Output the listing below verbatim, but drop the images.

_Available data_.
■ ■ ■ ■ ■
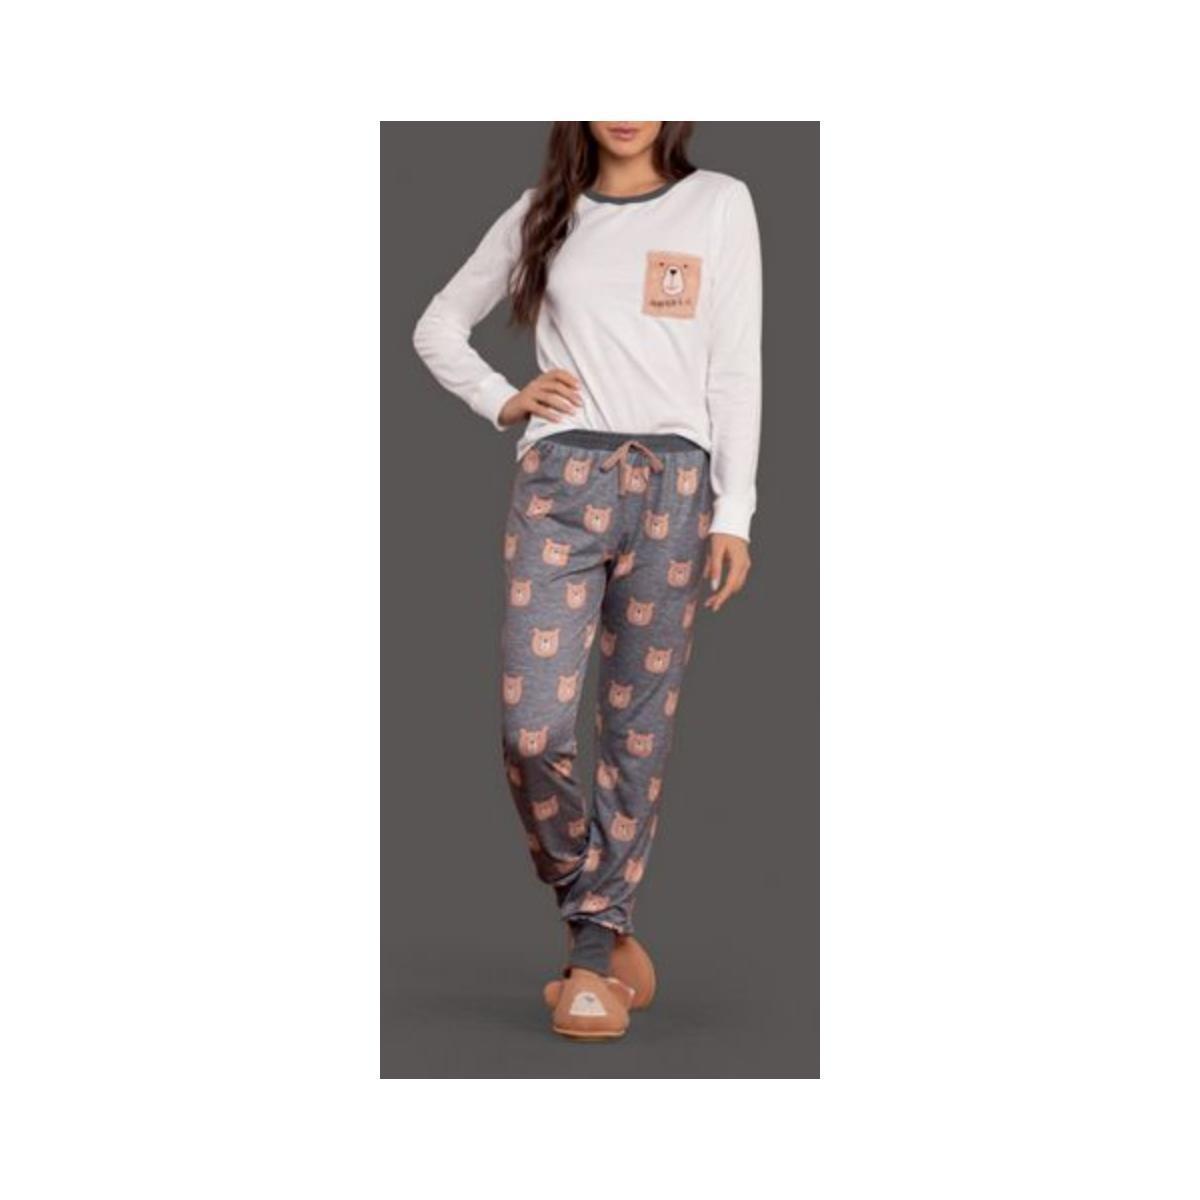 Pijama Feminina Lua Lua 120175 Off White/cinza
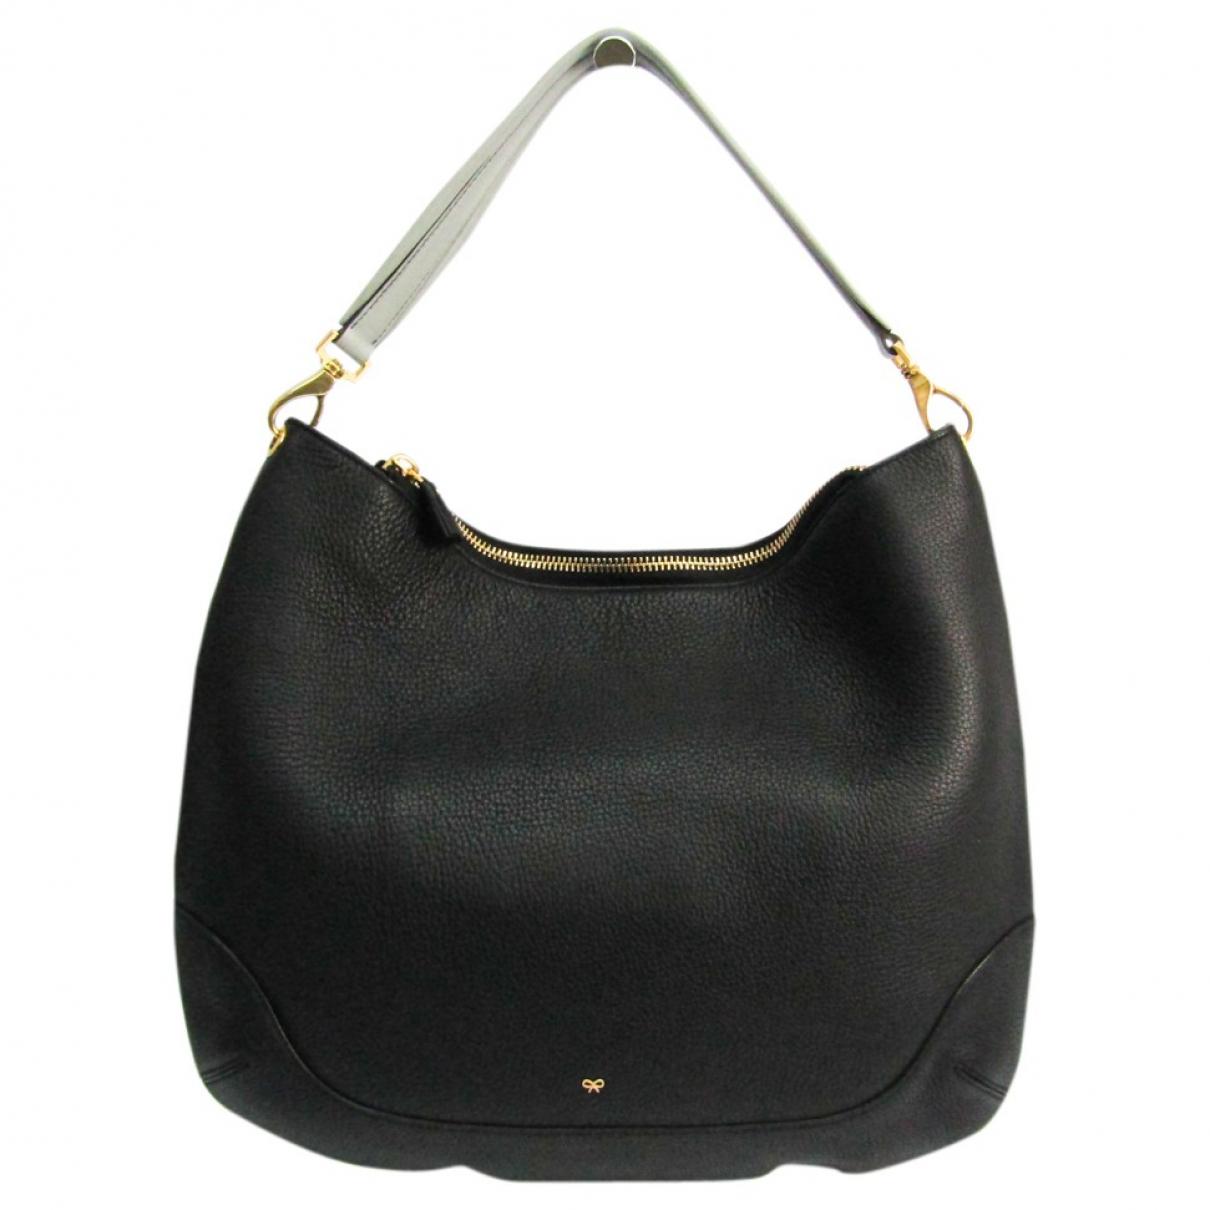 Anya Hindmarch N Black Leather handbag for Women N
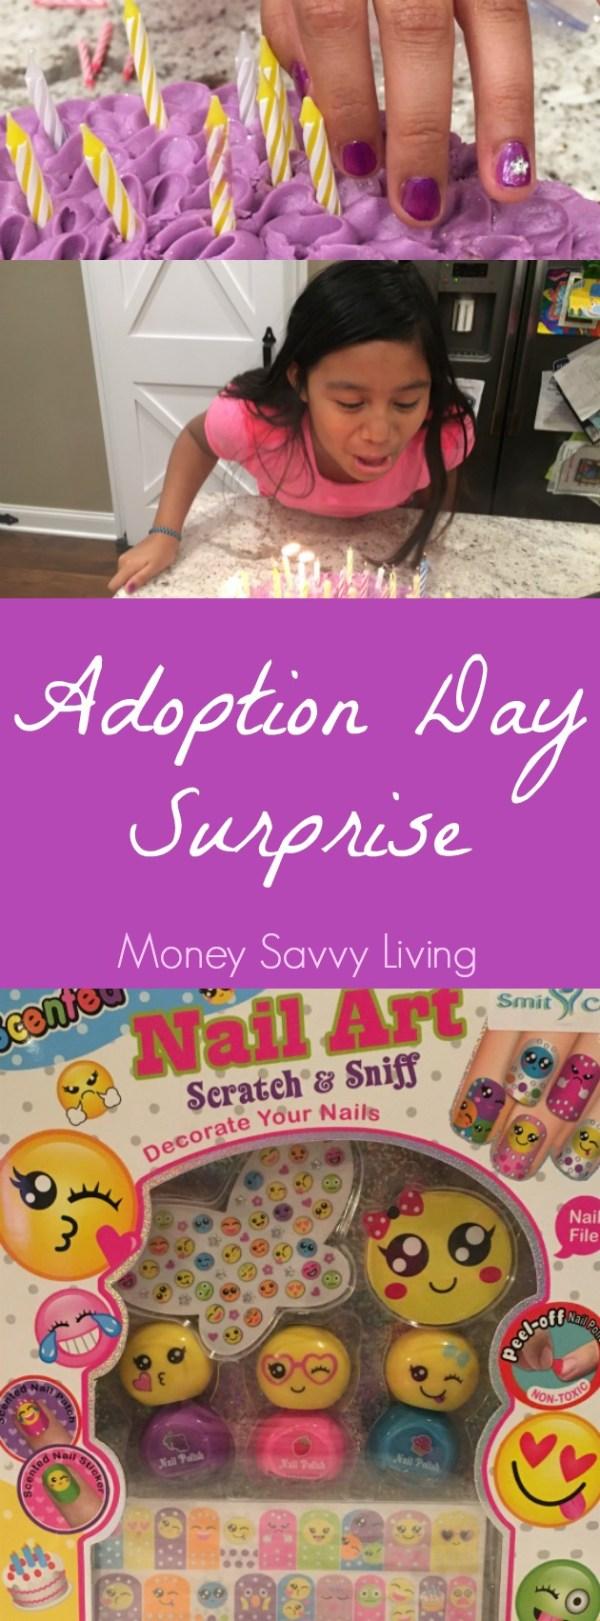 Adoption Day Surprise | Money Savvy Living
■ ■ ■ ■ ■
_Response for this exercise_.
 Pijama Feminina Lua Lua 120175 Off White/cinza
 Anya Hindmarch N Black Leather handbag for Women N
 Adoption Day Surprise | Money Savvy Living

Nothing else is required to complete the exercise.